If I remember correctly the Calkin algebra is closely linked to the problem of Von Neumann on operators which were normal modulo compact ones, and which was solved by Brown, Douglas and Fillmore see Bron-Douglas-Fillmore theory. This linked to Steenrod K-homology and to strong shape theory, again if I remember correctly.
I cross-linked Brown–Douglas–Fillmore theory and Calkin algebra, and neatened up the former a little, adding ’related entries’ links.
Thanks Todd for fixing that! and David for linking. I wish I could see how this ties in with the CH stuff. There were indications at one time that Steenrod homotopy might link up with the old work of Osofsky on vanishing of derived functors of Lim but I never followed that up. It may not work that way.
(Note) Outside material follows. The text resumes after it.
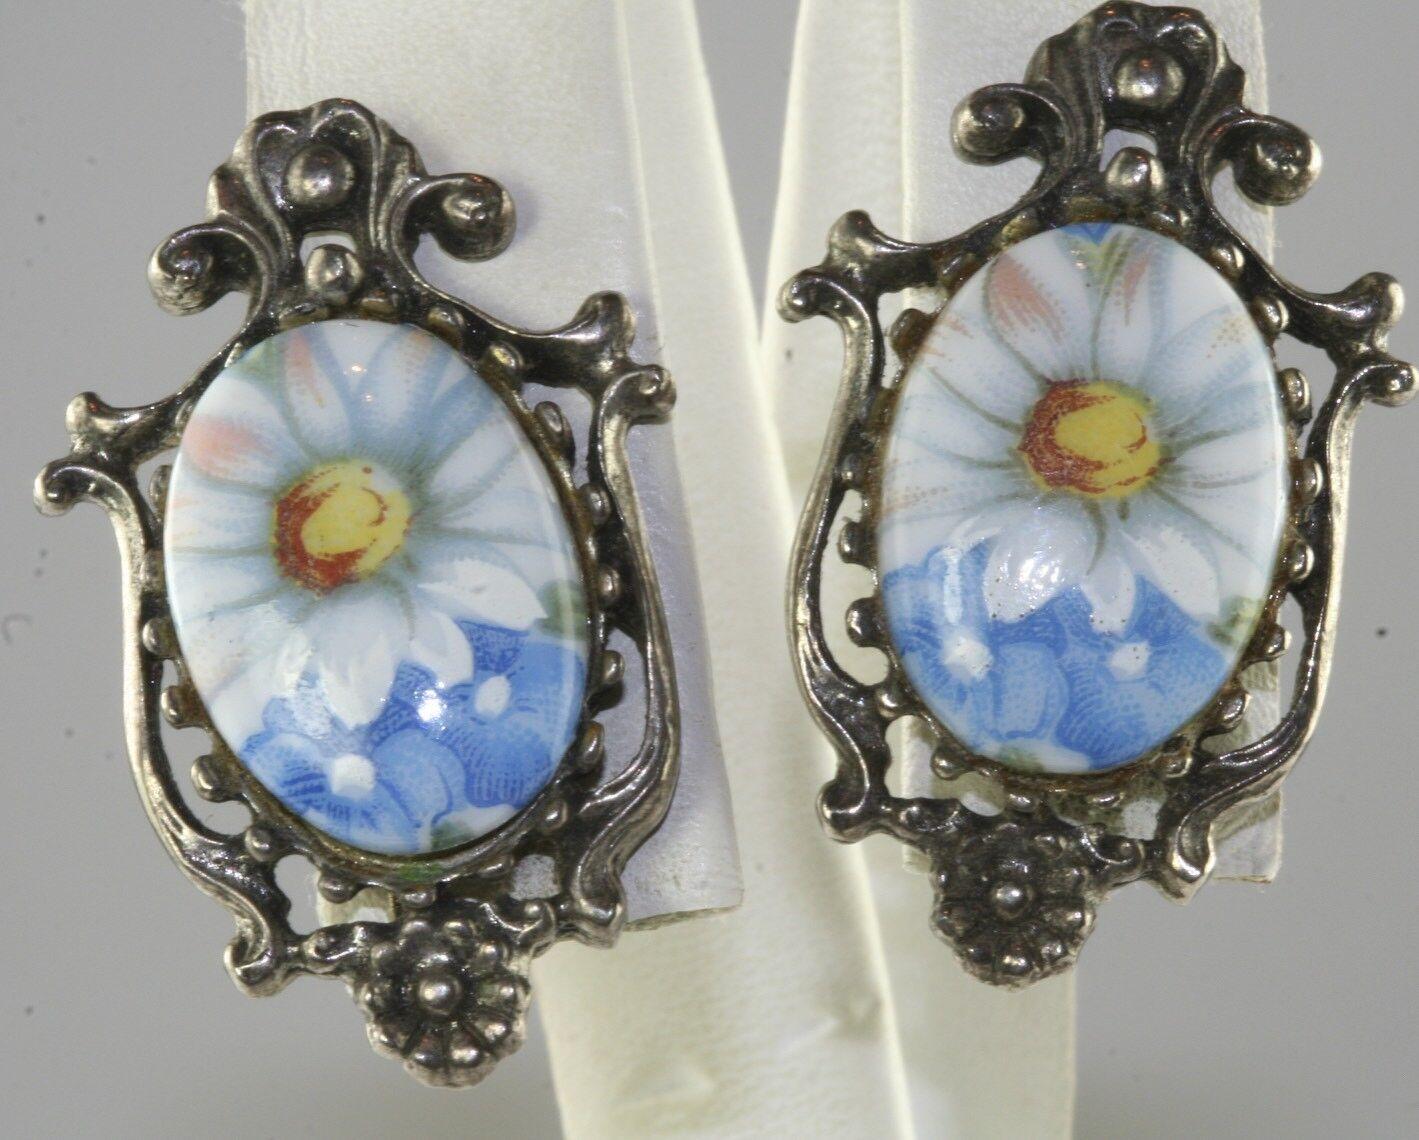 ab35e76f2 VINTAGE FLORENZA PAINTED PORCELAIN DAISY FLOWER EARRINGS CLIP npzanl7605- Earrings

It’s worth considering the analogue for the C*-algebra of the Stone-Cech remainder $\beta(\mathbb{N})\setminus \mathbb{N}$, which is apparently the question of whether non-trivial self-homeomorphisms exist; this is also independent of ZFC. CH is again a culprit in constructions: under CH there are only few trivial self-homeomorphisms, while at the same time allowing a strong structure theorem on the algebra, giving the needed cardinal inequality.
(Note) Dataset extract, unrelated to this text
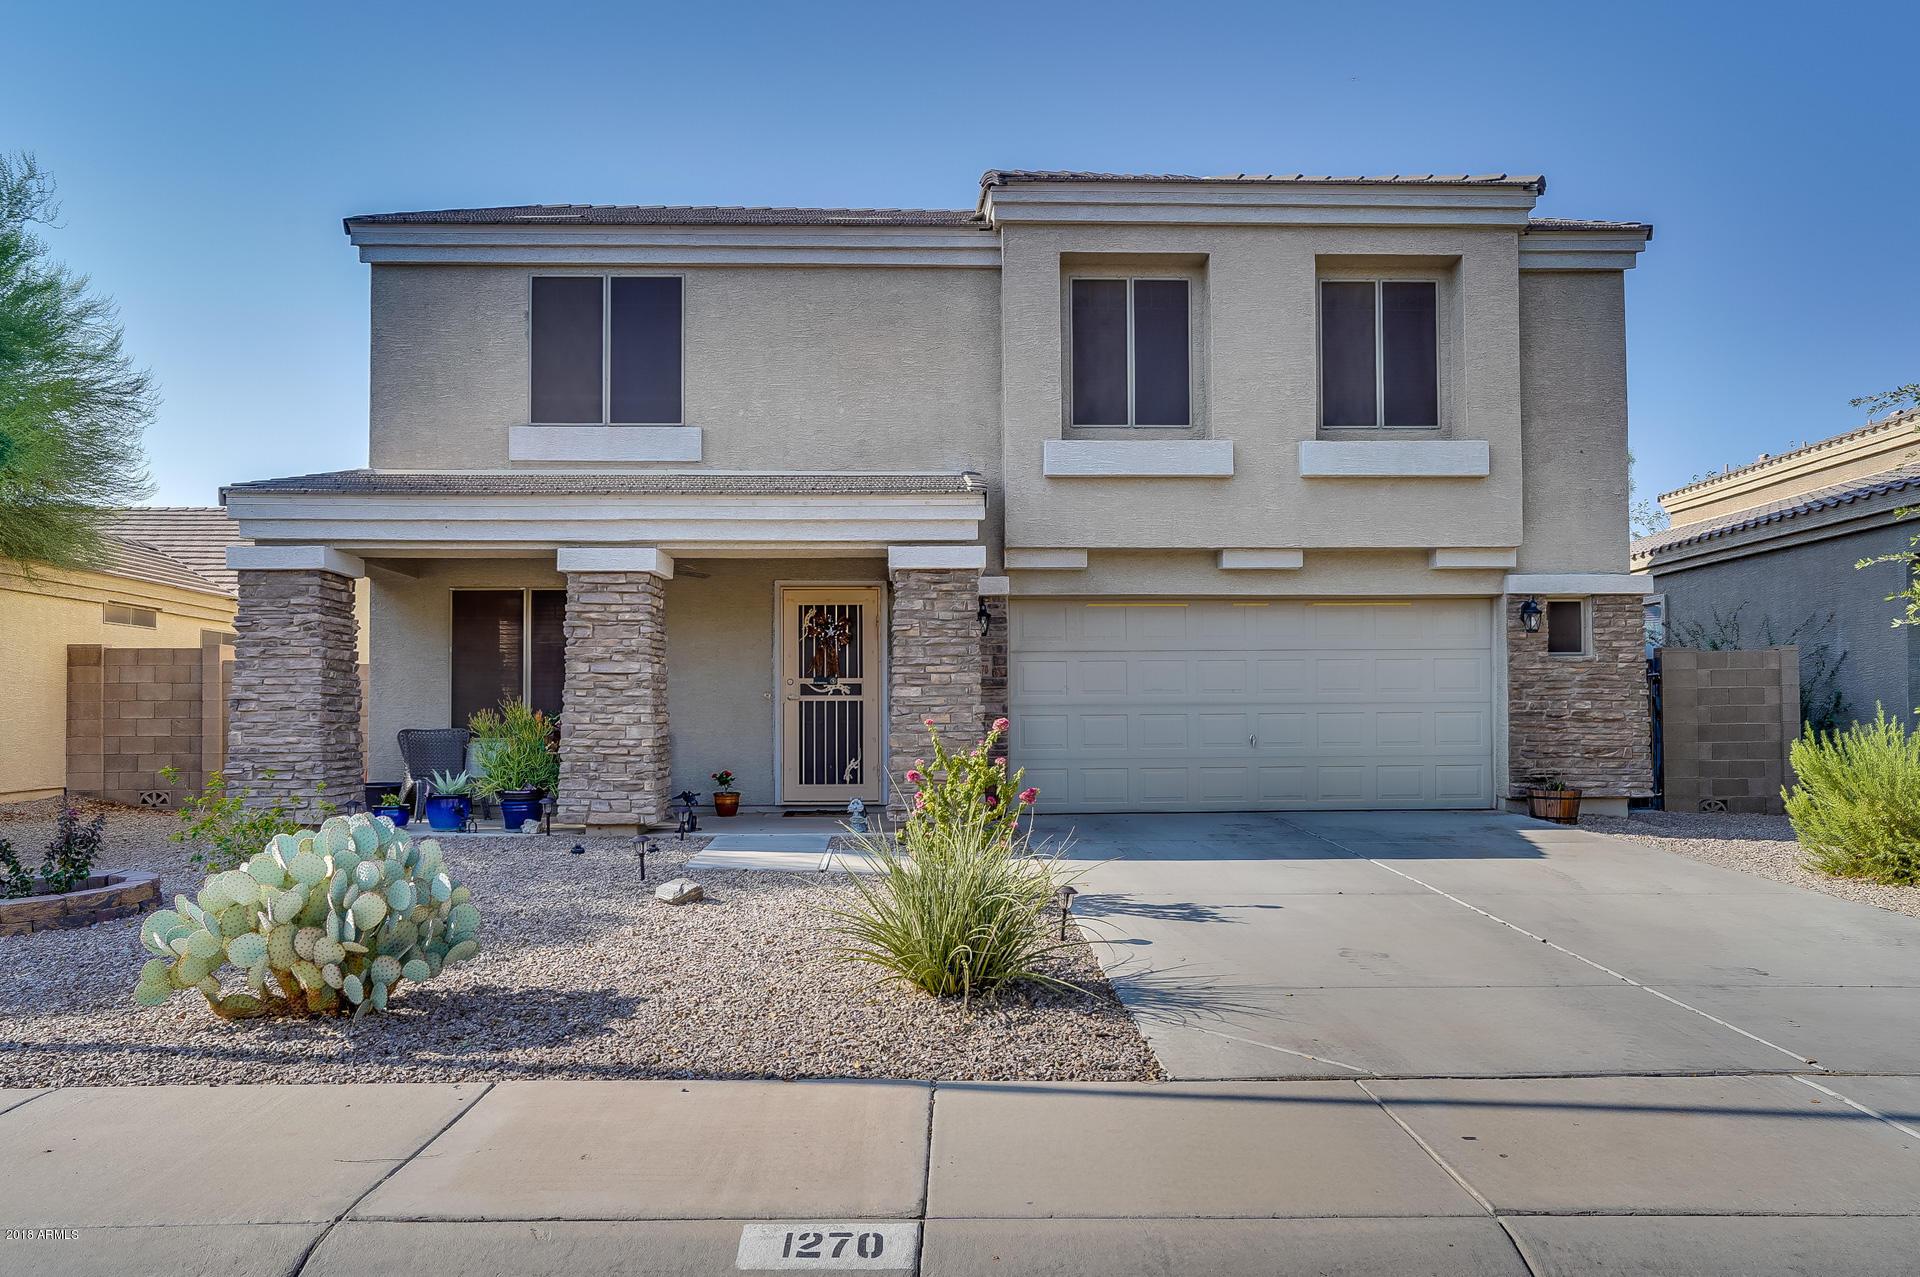 Photo for 1270 W Castle Drive, Casa Grande, AZ 85122 (MLS # 5806989)

Given that $\beta(\mathbb{N})$ is an object that already has set theory axioms in play, it’s no wonder that axioms also have an effect here.
Weaver’s book Forcing for mathematicians is very nice in explaining this and many other examples in a concise way, that gave me a vague intuition why set theory makes itself known in what seems like a not-so-close area of study (I mean, this is standard operator algebras, not descriptive set theory, right?)
I’ve added a remark + reference to another result of Farah (and Hirshberg) that the Calkin algebra is not countably homogeneous (which I will fill in soon, since this now appears as a grey link in several pages): it fails to resemble a Fraïssé limit in the sense that an isomorphism of finitely-generated substructures does not generally extend to an automorphism of the entire thing.